Pelas notas divulgadas sabemos que até agora as operações decorreram nos bairros do Brasil (Achada Santo António), Eugénio Lima, Safende, Achada Grande Trás, Achadinha, Santaninha e Ponta d`Água.
No total foram aprendidas 6 boca bedju (metade das quais no Brasil), 4 armas convencionais, 56 facas, 8 maxins, 15 tacos de basebol, 1 machado, 2 catanas, 1 Frasco de gás lacrimogénio e 1 brinquedo em forma de revolver (alegadamente usado para assaltos). Ou seja, foram apreendidas mais boca bedju que armas de fogo convencionais, o que mostra a importância que deve ser dada a aquele tipo de arma de arma artesanal, agora evidenciada na revisão da lei de armas e munições.
Já em Maio de 2020, num balanço de operações realizadas durante dois meses, a PN revelava que apreendera 73 armas de Fogo, a maioria das quais (46) boca bedju.
Falhanços
Não se sabe ao certo quantas armas ilegais há em Cabo Verde. Não existe aliás nenhum método científico que o possa determinar com certeza, em nenhum país. Em Cabo Verde, em 2008, aquando da criação da Comissão Nacional de Luta contra a Proliferação de Armas Ligeiras e de Pequeno Calibre (COMNAC), essa entidade estimava que seriam entre cinco a oito mil, 80% das quais em Santiago. Outras fontes apontavam para 9500. Entretanto, entre 2000 e 2008 apenas houve 475 armas licenciadas, o que mostra que é um mundo muito à margem da lei.
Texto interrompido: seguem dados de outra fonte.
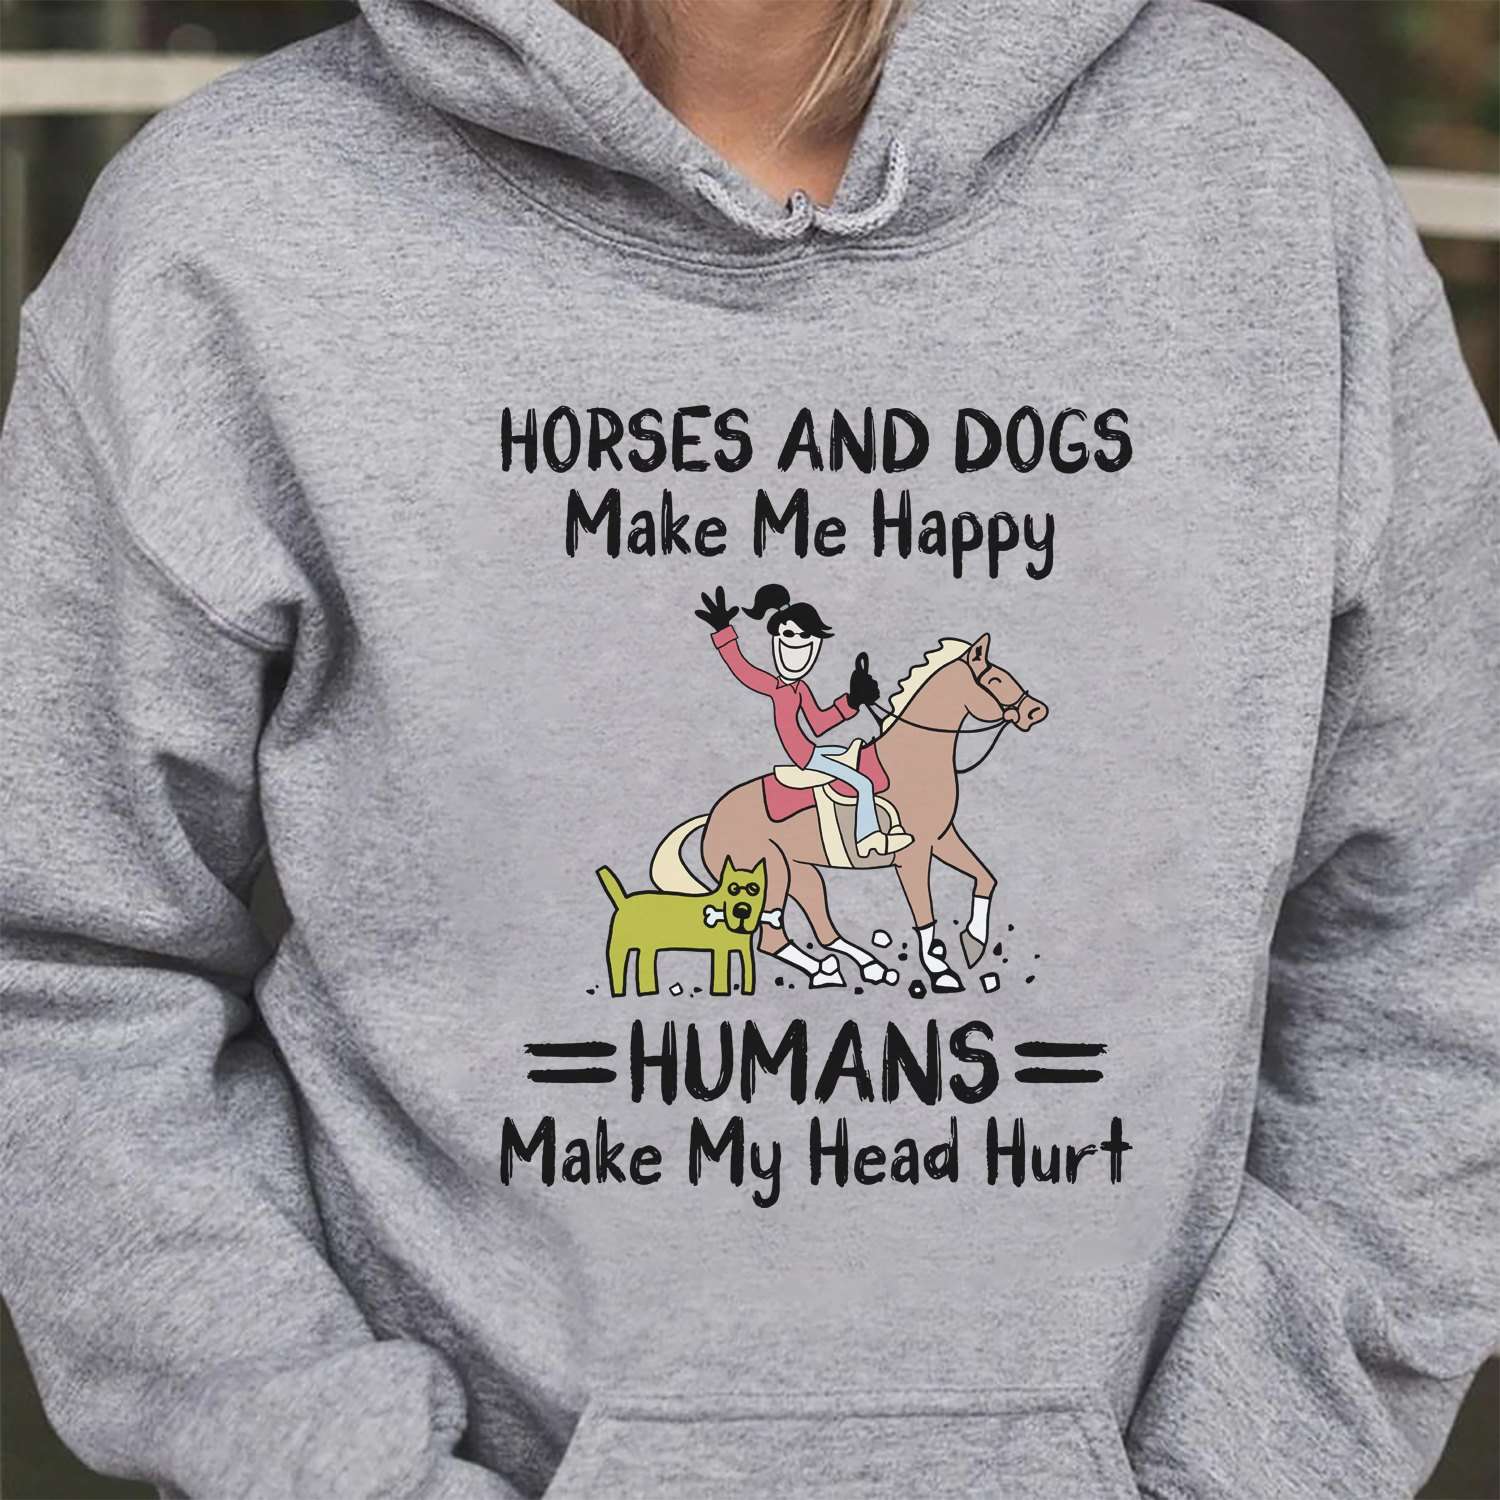 Horses and dogs make me happy, humans make my head hurt - Girl riding horse, gift for dog lover

Em 2014, a COMNAC lançou então uma campanha nacional de entrega voluntária de armas de fogo em situação ilegal. O alvo estimado, nessa altura era de 6500 armas. A campanha foi um fracasso, e ao fim de seis meses, saldou-se na devolução de apenas 20 armas.
Texto originalmente publicado na edição impressa do Expresso das Ilhas nº 1073 de 22 de Junho de 2022.